А этот «ураган» уже несется по площади – на целый аршин высится над всеми голова великана, и народные волны расступаются перед «ураганом» – площадь колышется… «Царь… царь идет…» Пока царь шел, шепот этот, обойдя всю площадь, проник и в архиерейский дом и в крестовую церковь. Понятно поэтому, что там ждали царя, и когда он проходил по дому в крестовую, то все расступалось перед ним и склонялось, как трава под ветром. Но служба продолжалась; Петр слышал, что в церкви поют «отход души».
Царь вступил в церковь и остолбенел от изумления: на архиерейском возвышении стоял гроб, а мертвец, положенный в гроб, благословлял его, царя!
– Благословен грядый во имя Господне! – благословлял царя Митрофаний из гроба.
Царь не понимал, что вокруг него делается; он видел только, что все плачут, а тот, кого оплакивают, глядит из гроба и благословляет своею мертвою рукой.
– Митрофан! Что есть сие? – спросил Петр, приблизившись к гробу и глядя в кроткое, как и всегда, лицо епископа.
– Творю волю цареву, – отвечал лежавший в гробу.
– Какую мою волю?

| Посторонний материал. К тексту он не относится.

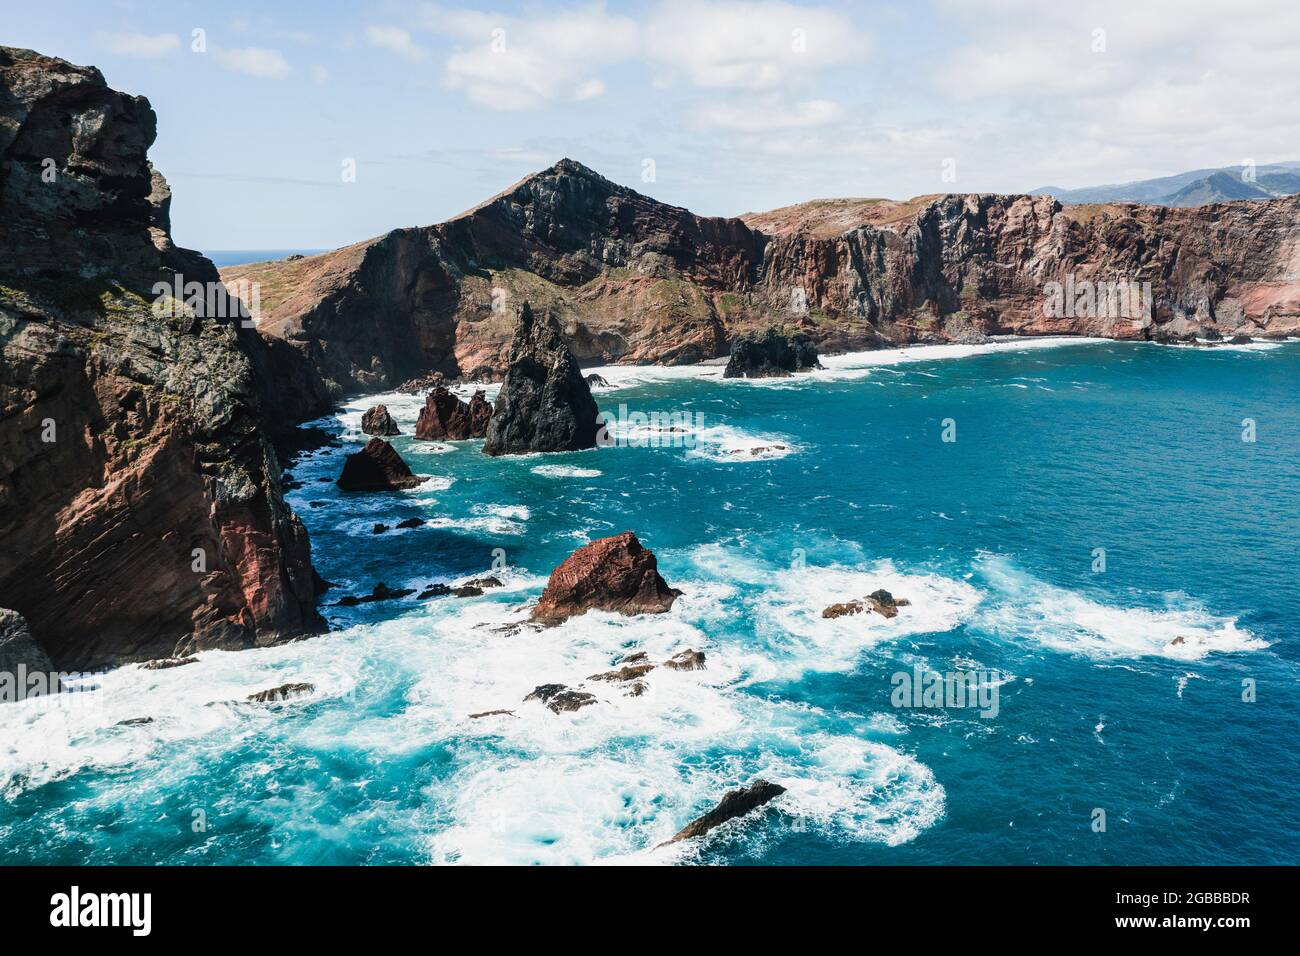 Onde dell'Oceano Atlantico che si infrangono su scogliere rocciose, penisola di Sao Lourenco, Canical, isola di Madeira, Portogallo, Europa Foto Stock
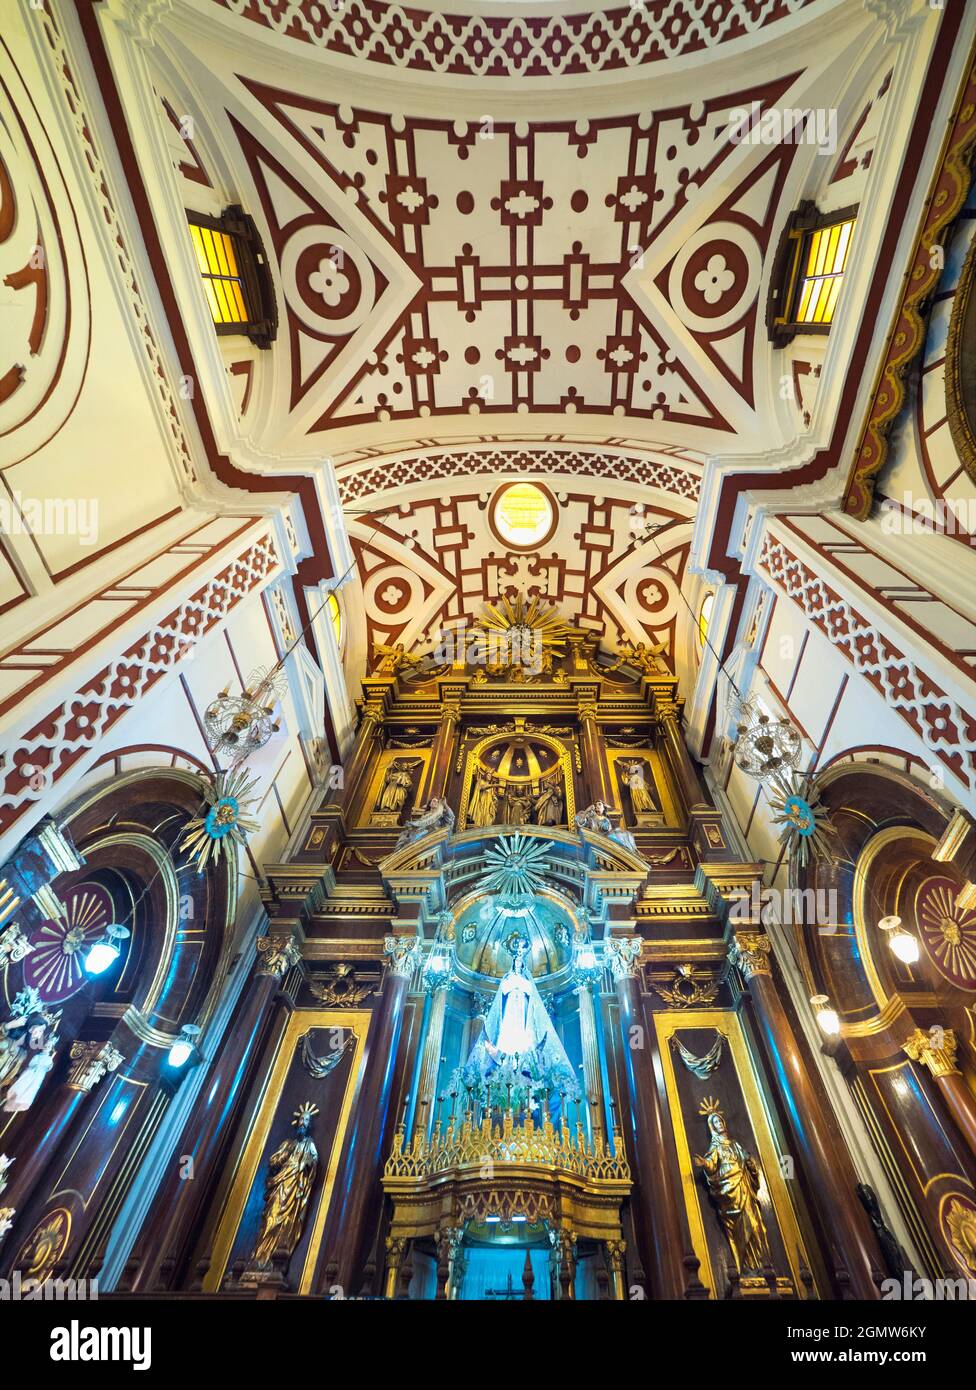 Lima, Pérou - 10 mai 2018 la basilique et le couvent de Saint François est un monument historique de Lima, Pérou. Construit en 1673, il a survécu jusqu'à présent à plusieurs ea Banque D'Images

Кто объявлял ее тебе?
– Твой денщик… перед лицом народа твоего.
– Но что он объявил тебе?
– То, что ослушника царевой воли ожидает смерть… Я готовлюсь к смерти… я должен умереть.
– Ты не должен этого делать: жизнь твоя в руках Божиих.
– И в царевых… Ты изрек мне смерть… Не мимо идет слово царево…
– Митрофан! – резко сказал царь. – Ты смеешься надо мной!.. Встань из гроба!
– Не встану! – отвечал старик.
– Встань, говорят тебе!
– Не встану!
– Послушай, – и лицо Петра исказилось, – вспомни митрополита Филиппа и царя Иоанна.
– Помню, царь… Большего и ты не сделаешь. Я умру…
Петр отшатнулся от гроба. Он чувствовал, что железная воля его встретила волю более упругую: из молота он сам превратился в кусок железа, и тяжкий молот бил по нему. Кто же был этот молот? – Полумертвец… Петр снова почувствовал, как чувствовал это утром на площади, что он бессильнее этой тени в образе человека.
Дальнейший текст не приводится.